Circa due anni dopo a Varsavia, in occasione appunto del premio «Chopin», Pollini vinse meritando l’ammirazione incondizionata di Arthur Rubinstein, presidente di una giuria di cui facevano parte personalità del valore della didatta e compositrice Nadia Boulanger. Rivolto ai colleghi, Rubinstein si espresse con queste lapidarie parole: «Questo giovane suona meglio di tutti noi!». La vincita del premio comportava contratti per una serie di concerti e l’incisione del primo Concerto per pianoforte e orchestra di Chopin per l’etichetta Emi-La voce del padrone. A quella prima registrazione dovevano seguirne altre, ma il giovane Pollini si ritirò dall’ufficialità per cinque anni, studiando con Arturo Benedetti Michelangeli e immergendosi nella musica senza confini di epoche e repertori, così da sconfinare in seguito nel campo della direzione d’orchestra, con Una Donna del lago per il Rossini Festival di Pesaro e per i dischi (1983), e in quello della musica da camera, con una memorabile esecuzione e incisione del Quintetto op. 34 di Brahms, avendo come partner i membri del Quartetto Italiano.
Probabilmente per il superamento della data imposta dai diritti d’autore, la Emi ha tratto dal suo archivio l’incisione completa degli Studi op. 10 e op. 25 di Chopin, realizzata da Pollini dopo quella del Concerto, e non autorizzata per la pubblicazione. L’interpretazione si conferma autorevole e persuasiva. La sede della prestigiosa collana Testament fa pensare a un omaggio postumo se nel catalogo — tra direttori, solisti, voci di canto, quali Toscanini e Karajan, D. Oistrakh e Gilels, Gigli e la Callas — non ci fosse la celebre violinista Ida Haendel.
Tra i grandi riconoscimenti, Pollini annovera il titolo di cavaliere di Gran Croce della Repubblica Italiana, ma ovviamente i risultati di cui va più fiero sono quelli ottenuti nella sua carriera di interprete. Essa include l’esecuzione completa di tutte le Sonate per pianoforte di Beethoven, eseguite alla Scala di Milano tra il 1995 e il 1996 e anche a Berlino, Monaco di Baviera, New York, Londra, Vienna e Parigi. In tempi più recenti, la proposta, in altre sedi prestigiose, compreso il Parco della musica a Roma, del cosiddetto «Progetto Pollini», una serie di concerti che includono accostamenti di pagine pianistiche classiche e romantiche alle partiture del repertorio contemporaneo, perfino in prima assoluta, come avvenne nel 1995 per la Quinta Sonata di Salvatore Sciarrino.

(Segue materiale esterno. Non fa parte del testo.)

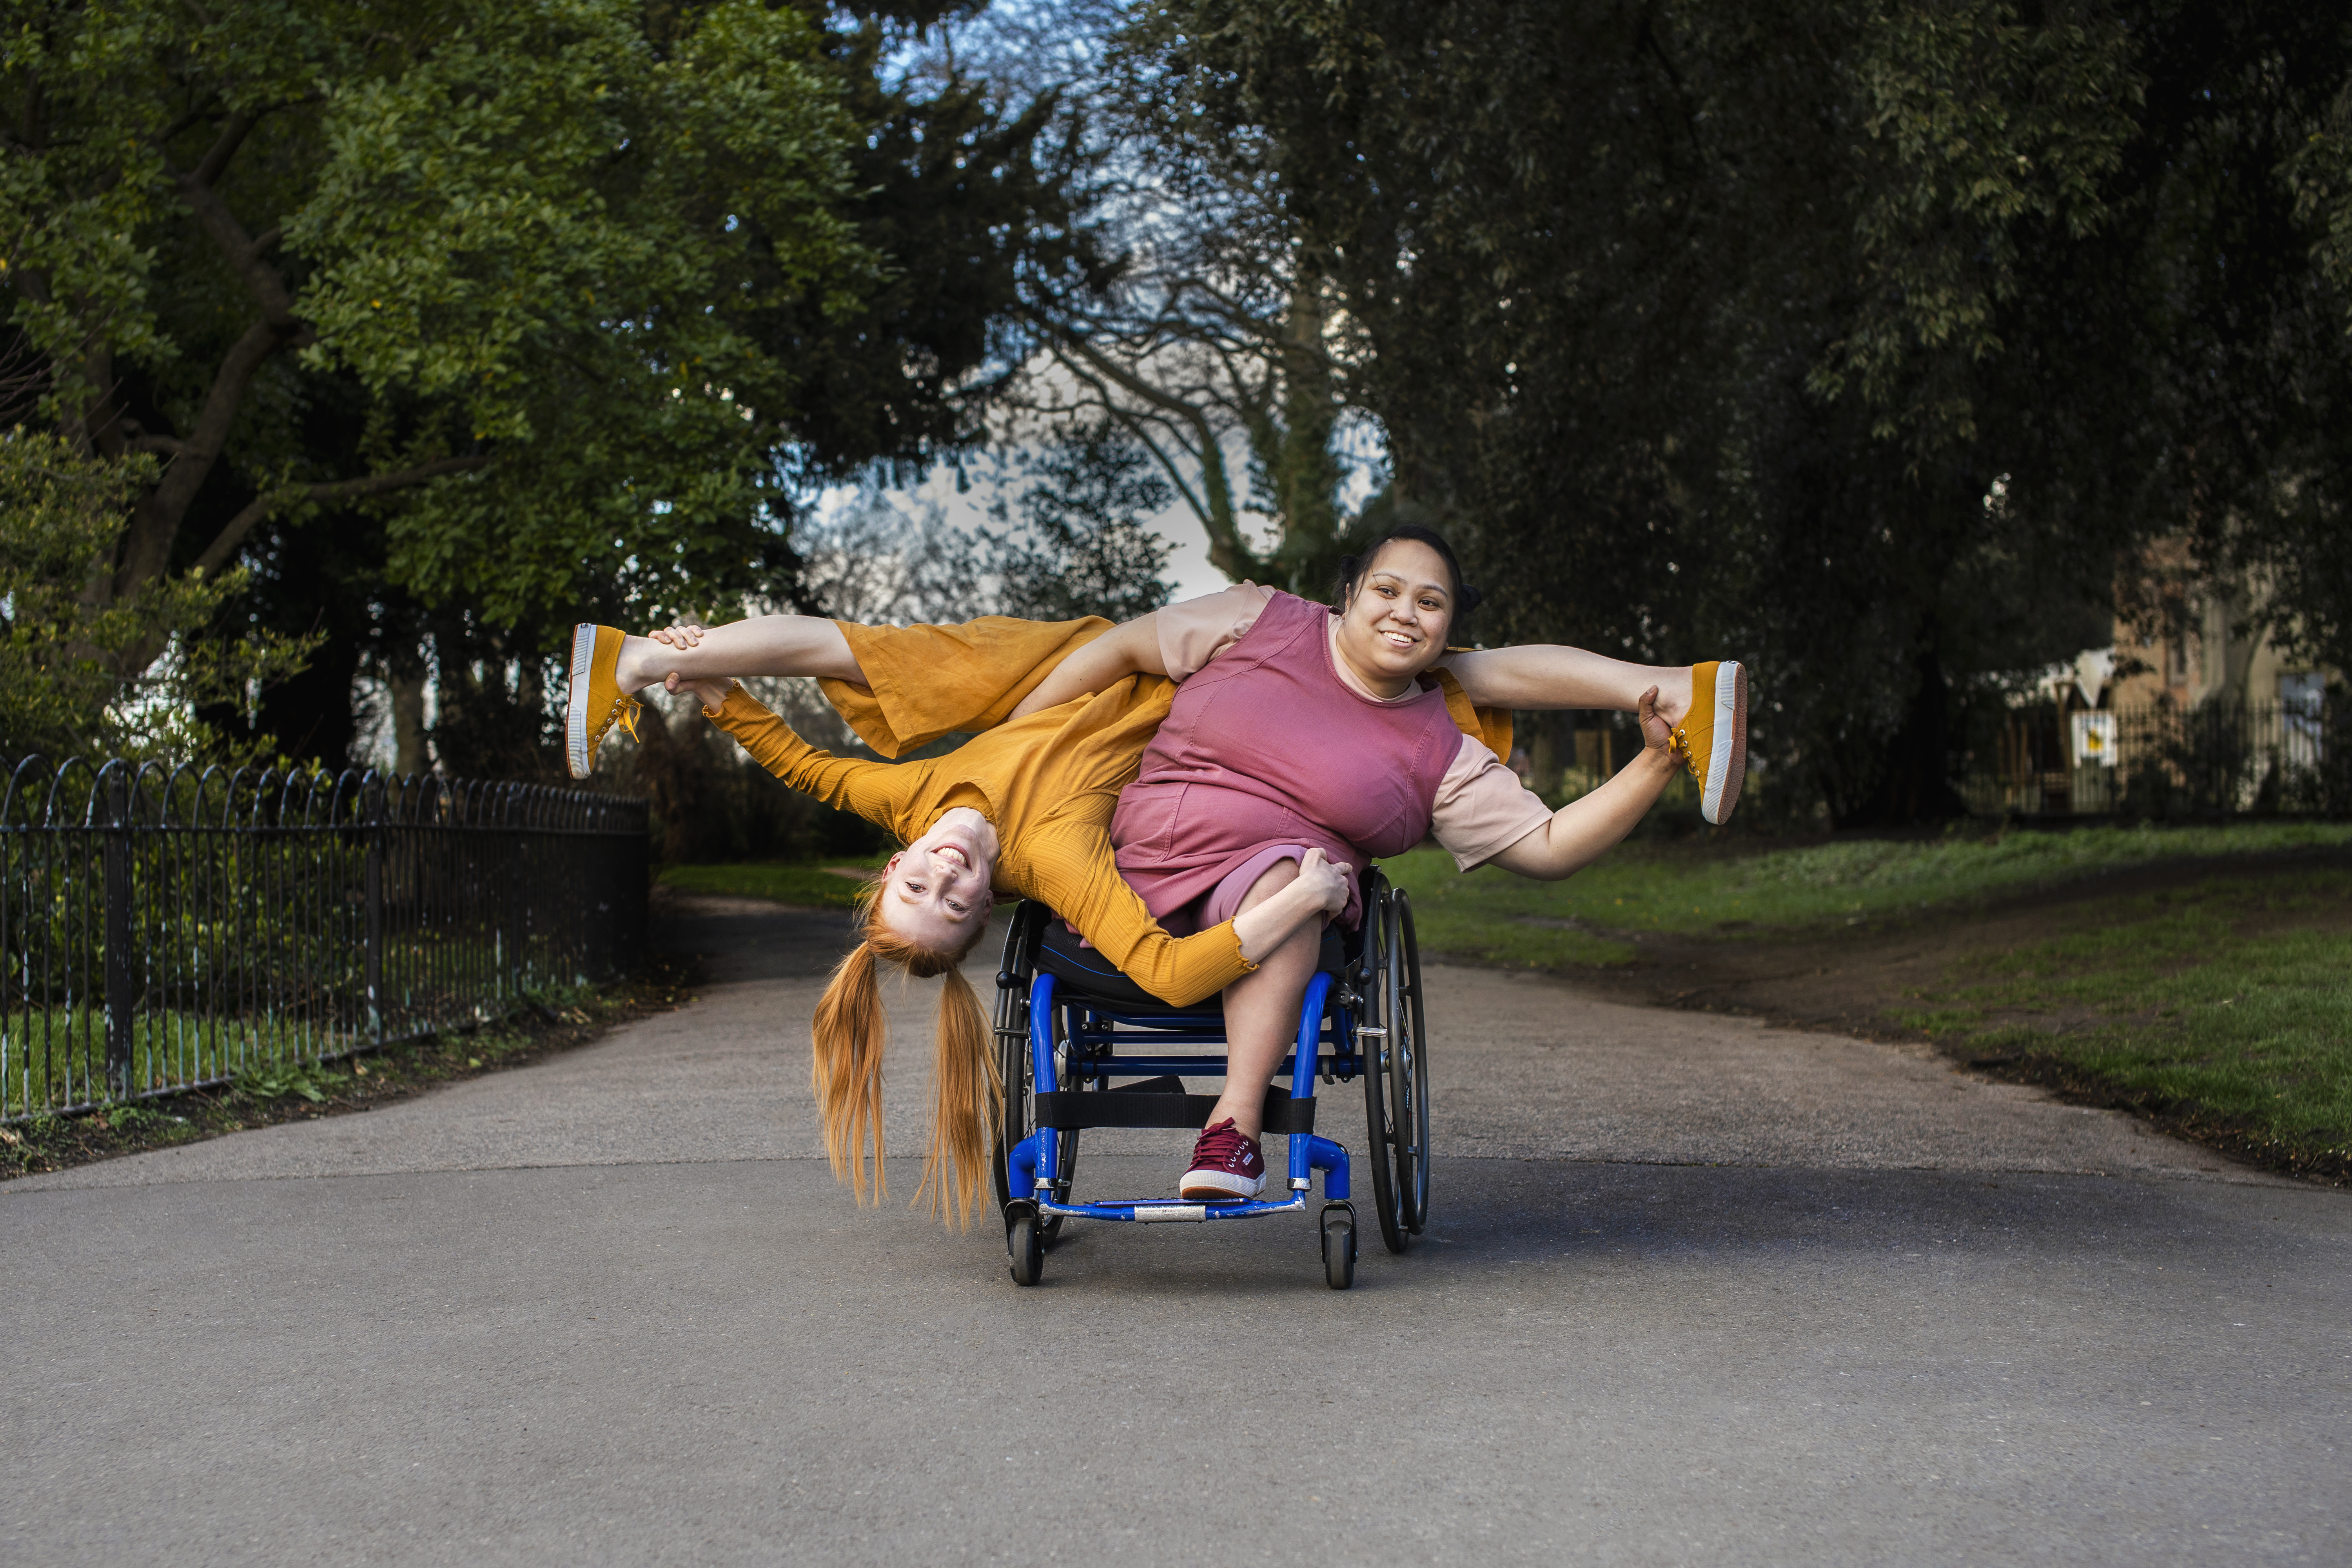 Two women create a pose, one woman uses a wheelchair and the other woman is held upside down alongside her

Riprendendo assieme ai concerti le incisioni per l’etichetta Deutsche Grammophon, accanto a molto Chopin (un’incisione dei Notturni nel 2006 fu venduta in diverse migliaia di copie), Maurizio Pollini incide Mozart, Beethoven (più volte i Concerti, collaborando con Böhm, Jochum e Abbado), Schubert, Schumann, Brahms, Liszt, Debussy e le cose più significative del Novecento: di Schönberg una quasi integrale, compreso il Concerto op. 42, la Sonata op. 1 di Berg, le Variazioni op. 27 di Webern, la Sonata n. 7 di Prokofiev, i celebrati Tre Pezzi da Petruska di Stravinski. Una cura quasi maniacale, che ha indotto qualche critico ad accusarlo di cerebralismo, viene riposta nei confronti di alcuni esponenti dell’Avanguardia con i Klavierstücke VII, IX e X di Stockhausen e, soprattutto, con la Seconda Sonata di Boulez, che valse un commento esagerato del sempre ironico Fedele D’Amico: volendo dare un’idea della difficoltà di studio della partitura (Pollini spesso suona a memoria), il celebre studioso e critico romano scrisse che era «come mandare a memoria l’elenco telefonico di Terni»!